School trips are not safe, either. Hi-tech public lavatories can trap people for hours at a time. A 10-year-old in Plymouth had to be freed from the loo by the fire brigade, last April, after the doors wouldn’t open. He was too light to alert the weight-sensitive detectors to his presence.

As you mature, you will be allowed access to the internet, and will almost certainly be given a games console of some kind. The biggest danger this kind of technology poses is that you might use it too much. In 2001, the British Medical Journal reported that more than one in five of Britain’s under-fours was classed as overweight, and one in 10 was clinically obese. Researchers from the University of Leeds found similar figures for 11-year-olds.

Obesity can lead to diabetes, arthritis, heart disease, hypertension and stroke. It is linked with a host of cancers, including breast cancer and cancer of the oesophagus. It is also reported to be a risk factor for hepatitis and other liver disease.

Although much of the blame for this can be attributed to changes in our eating patterns, a more sedentary lifestyle is another big factor, and technology is what has given us all the opportunity to spend more time sitting down.

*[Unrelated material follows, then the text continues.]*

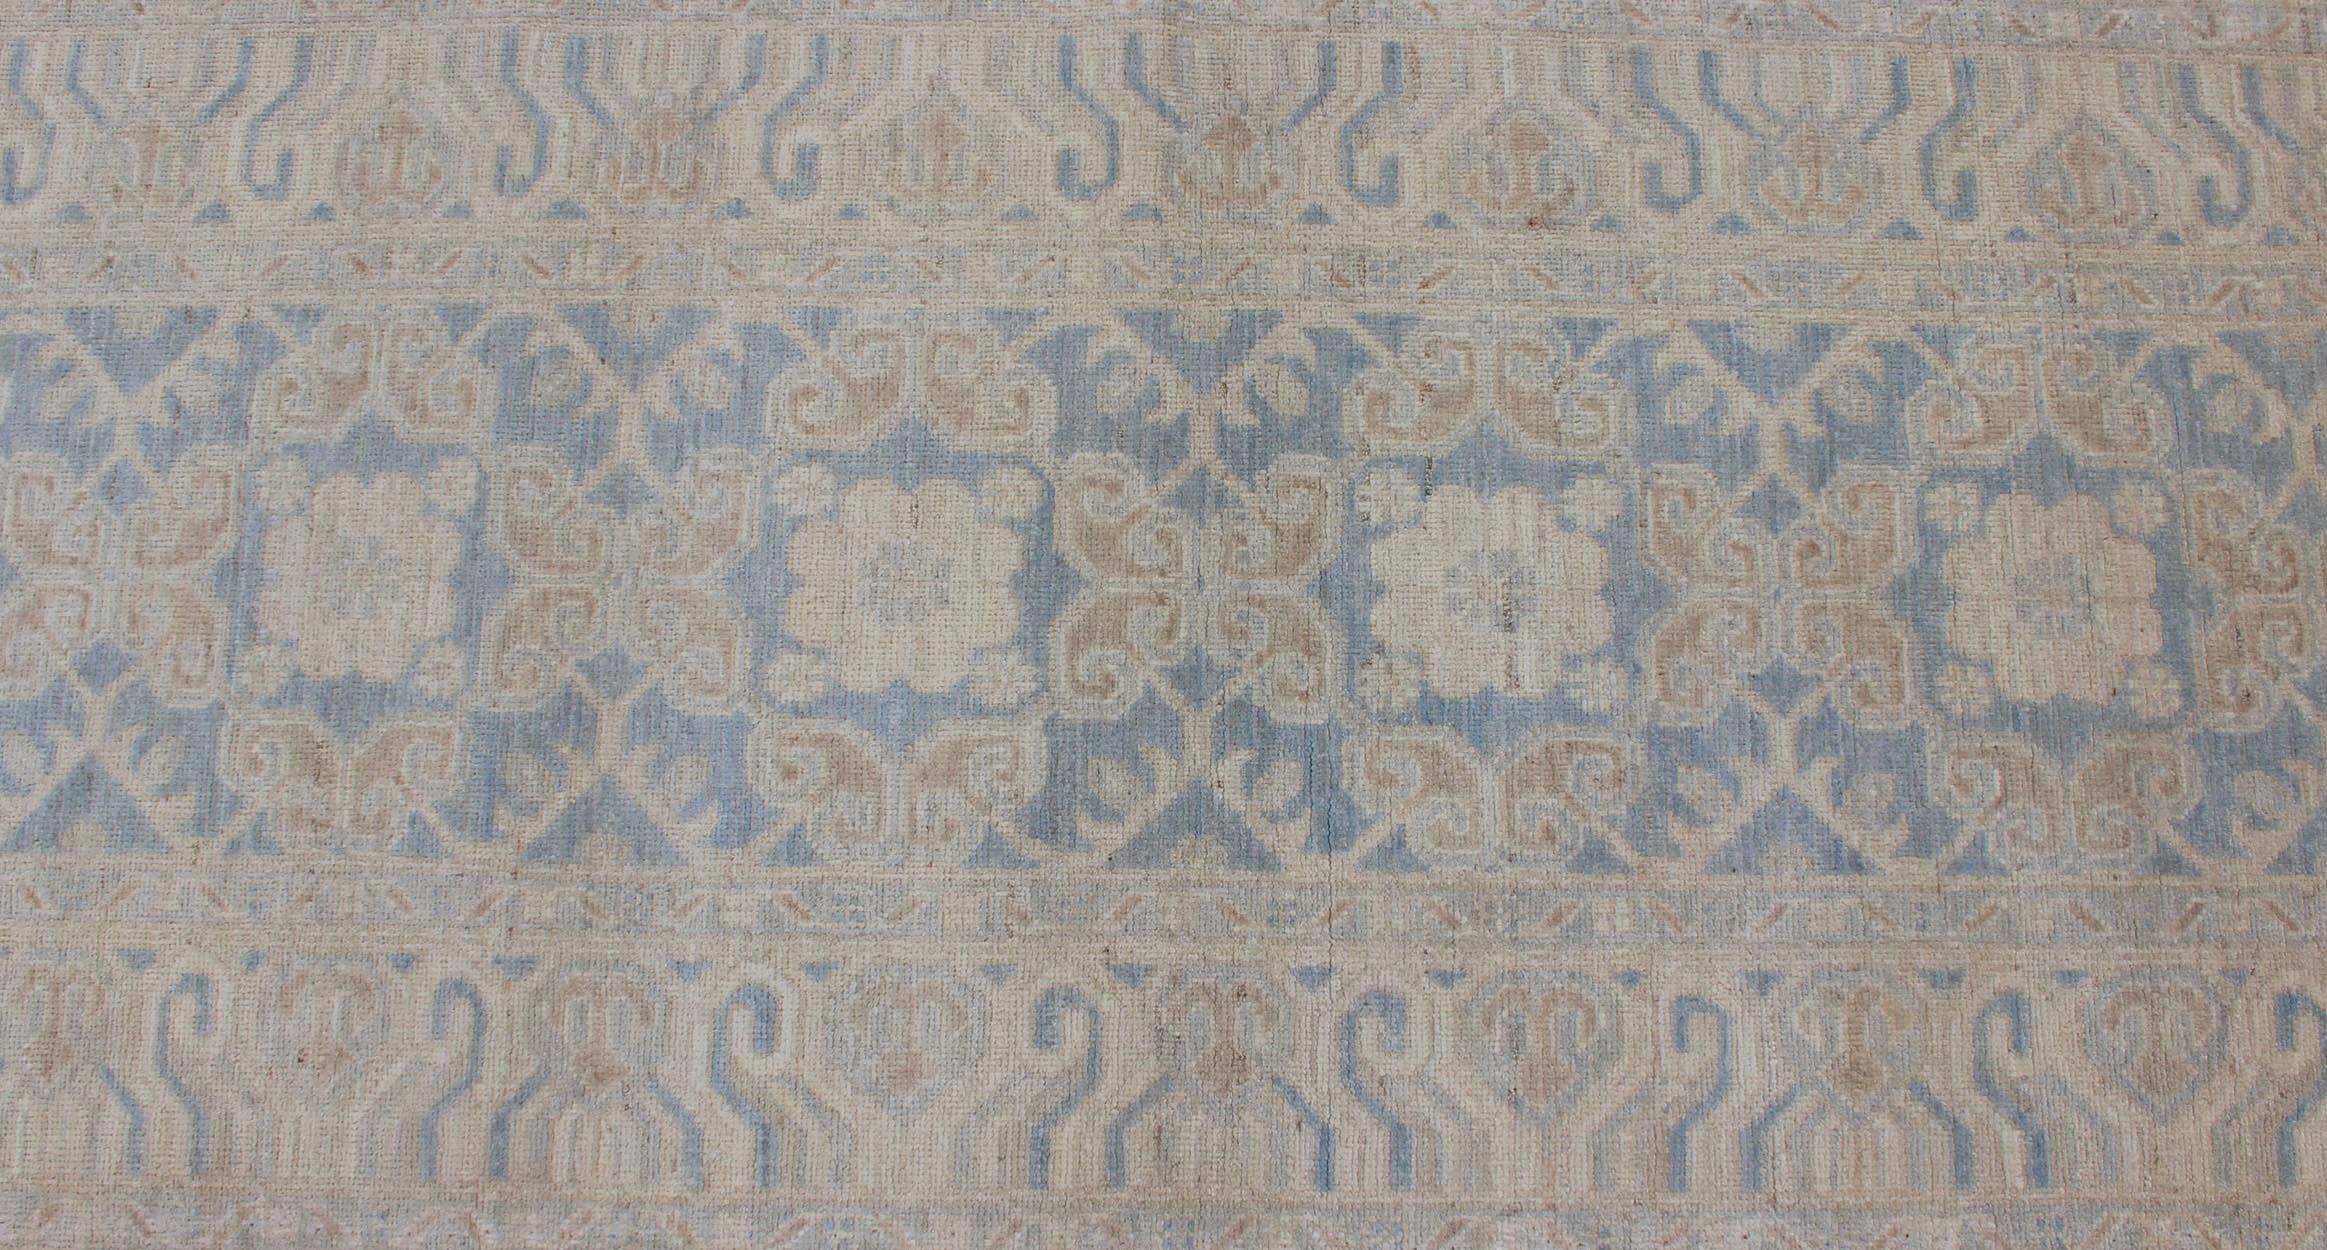 Afghan Khotan Runner with Geometric Design in Shades of Powder Blue and Tan For Sale 4

American research attributes more than half the weight gain to “declining physical activity from technological changes”, which means your kids are fat because they’re e-mailing their friends pictures of footballers rather than playing football with their friends outside.

Of course the biggest single question about health and technology is whether mobile phones will give you cancer. The amount of research is this area is staggering: in June a Hungarian study found that men who keep a mobile phone in their pockets have reduced their sperm count by 30 per cent; and in October, research from Sweden found that mobile-phone users were twice as likely to develop a particular kind of benign tumour. But for every study that indicates damage, there is another that says the phones are perfectly safe.

The Stewart report, published in the UK a year ago, reviewed all the evidence and concluded that it couldn’t draw any conclusions about the dangers of phone radiation. Instead it recommended that the public take a precautionary approach.

Even if you manage not to develop a tumour, mobile phones can still kill you in unexpected ways. Using a mobile phone is as dangerous as drink-driving. Driving while using a hands-free mobile increases your chance of crashing by four times - the same as drink-driving.

If you make it to the office without a mobile-related car accident, using a computer at work will cause you plenty of additional problems. Touch-typing can cause repetitive-strain injury, sitting hunched over your desk will give you backache, eating lunch at your desk makes your workplace more germ-riddled than a lavatory seat. Research from Japan suggests that staring at computer screens for hours on end can contribute to the onset of glaucoma, a progressive disease that gradually damages the optic nerve, eventually causing blindness. And so the list goes on.

Is it any wonder, then, that technology has been blamed for rising stress levels? Spend even the tiniest fraction of time on the internet and you will find yourself under siege. Spam, viruses and straightforward network crashes will all conspire to send your blood pressure spiralling. In Spain, people are paying for so-called “damage therapy”, where, for a fee, they are allowed to take a hammer to technology and vent all their frustration.

If you survive all that, and you still want to use a computer, you still need to be careful. In 2002 a 50-year-old man suffered severe burns to his penis after using a laptop for an hour. A letter describing the incident was published in the medical journal The Lancet.

But despite all this, technology is far from a blight on modern life. E-mail allows us to keep in touch with loved ones, and conduct business on a global scale. It brings almost everyone within our reach and is a great leveller - even Bill Gates gets spam, after all.

So as you enter your autumn years, you will probably look back at this technology revolution and wonder what all the fuss was about. You will have far more pressing concerns: the new-fangled teleporters are, frankly, a bit suspicious, and someone at the club mentioned that those self-driving car-planes have been going wonky and crashing again.